I have been working at a public university for the past three years and was able to switch positions twice to secure better paid and more interesting jobs. I make good money now and have good benefits. Before that I worked in Europe (where I am from). I tested as an ESTJ and am excellent at organizing, administering processes, and communicating with people.
The problem that I keep having, though, is always the *same* at all jobs that I have ever held (in Europe and the U.S.). Here is how it generally goes:
I start the job, I learn the job, I improve and invent new processes and make things more efficient. Then I get too fast at what I do and my tasks do not fill my day anymore. Then I go to my supervisor and ask for additional tasks. Often these tasks are easy to do, unimportant, and do not fill my time. So most of my days at work I could complete all my tasks during a couple of hours (including responding to emails, etc.) Then I sit there, do busy work, surf the web. It’s super boring, making me depressed and angry. After having had these experiences, I do not know where to go next with my career or which type of position is good for me. I feel like I always played it safe career-wise, but I also don’t know what I could do instead.
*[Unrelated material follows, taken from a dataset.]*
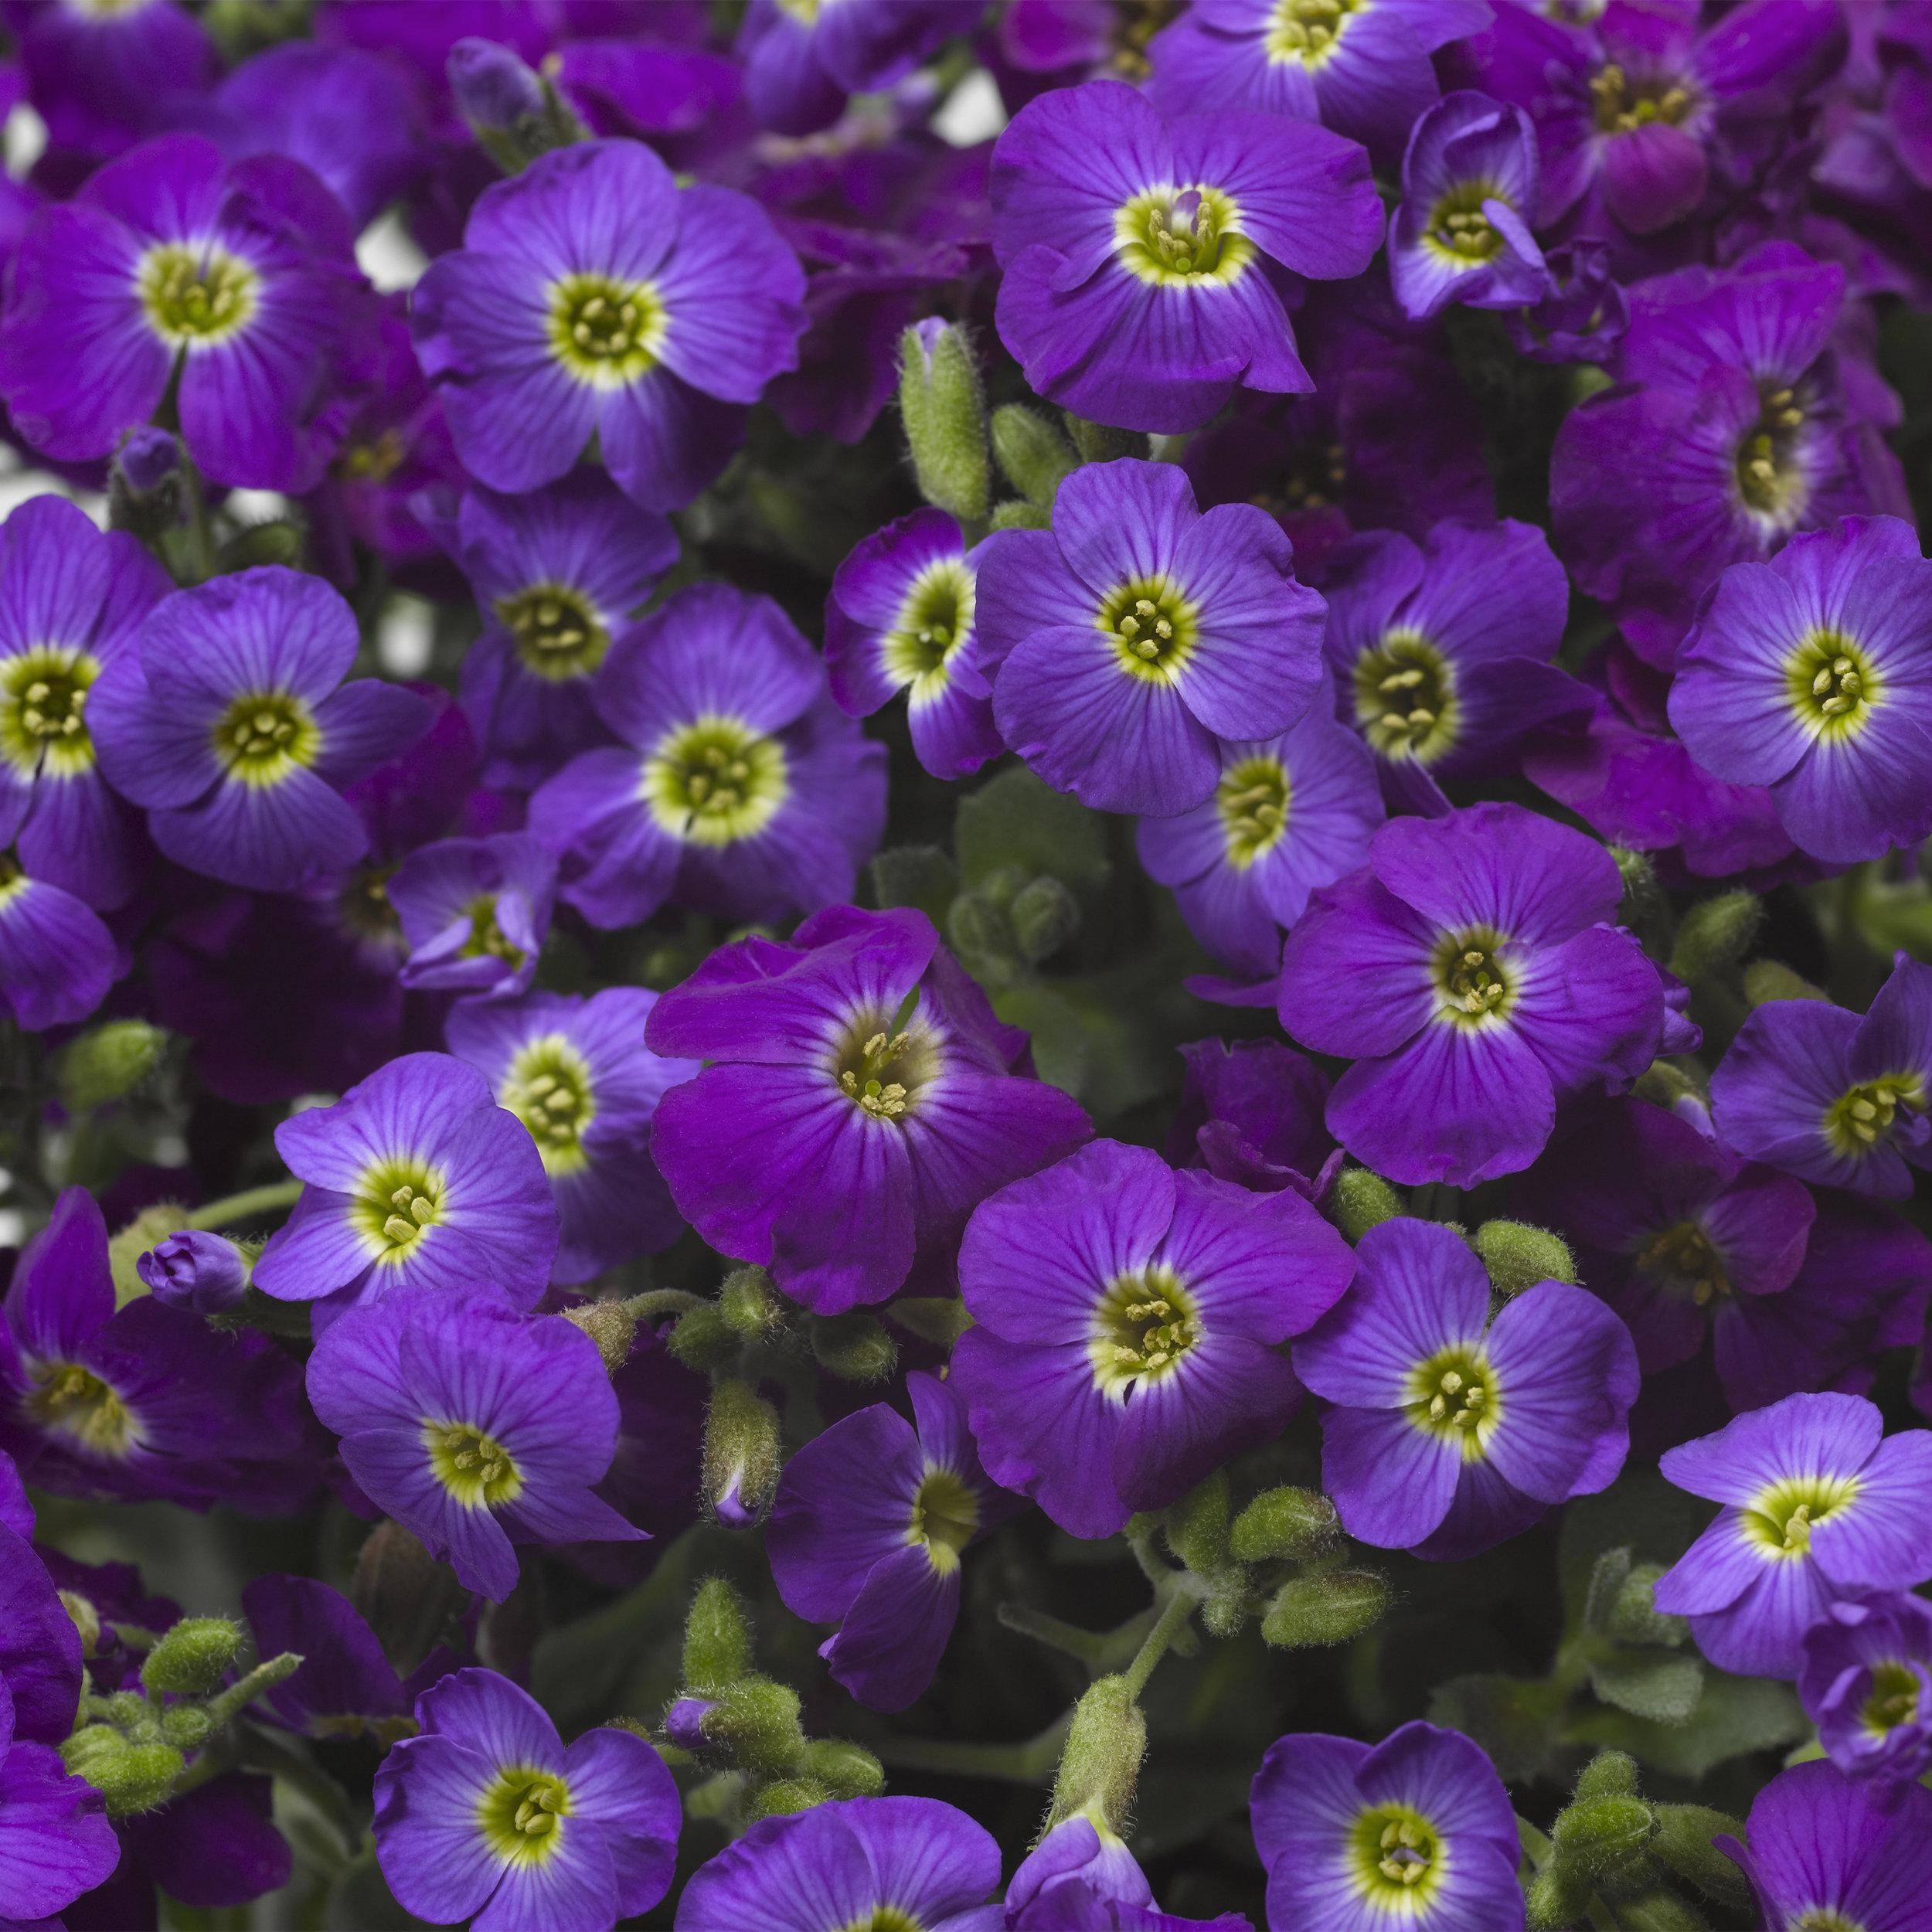 HR_Vegetative_Aubrieta_Axcent™_Axcent™_Violet_with_Eye_Imp._70028026.jpg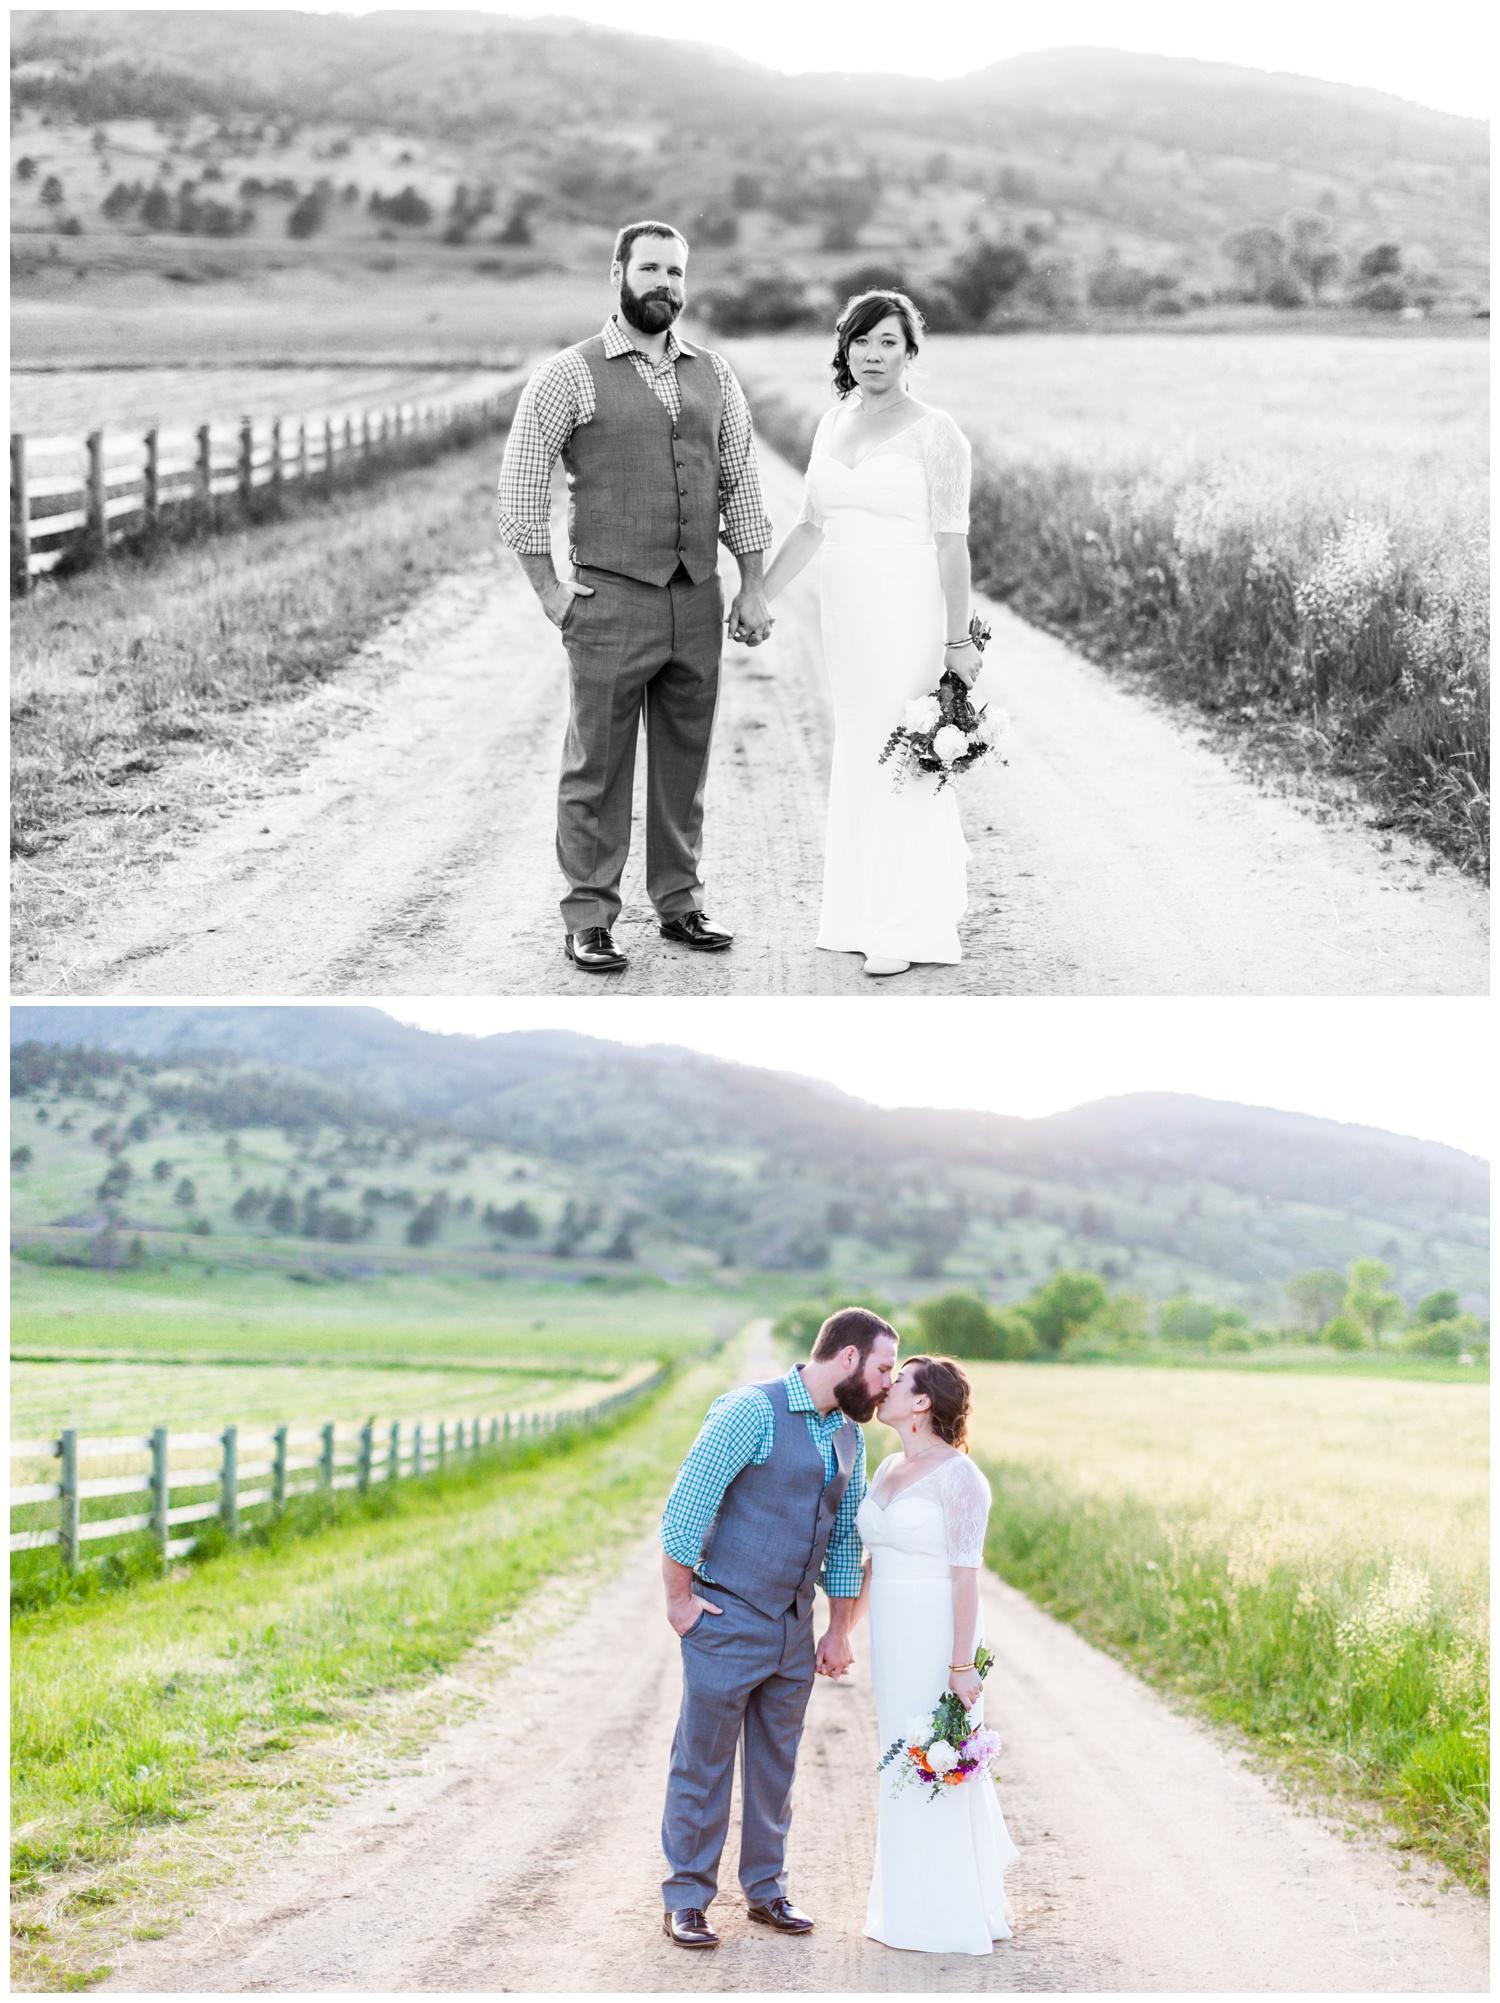 Sylvan Dale Guest Ranch Wedding Photographer024.jpg

My husband is still in school, so I can’t just stop working.
On a – very important – side note: I am also currently in fertility treatment (still pre-IVF, most likely starting IVF in February 2015). I hope I get pregnant soon. I feel like raising a family would make me very happy right now, but with my health condition I can’t count on being able to have a baby for sure. Being bored at work does not help keeping my mind not circling around my infertility constantly. I do Yoga and acupuncture to ease my mind.
I want to break the cycle I am experiencing at all of my jobs (learn-improve-bored). What do you think I should do?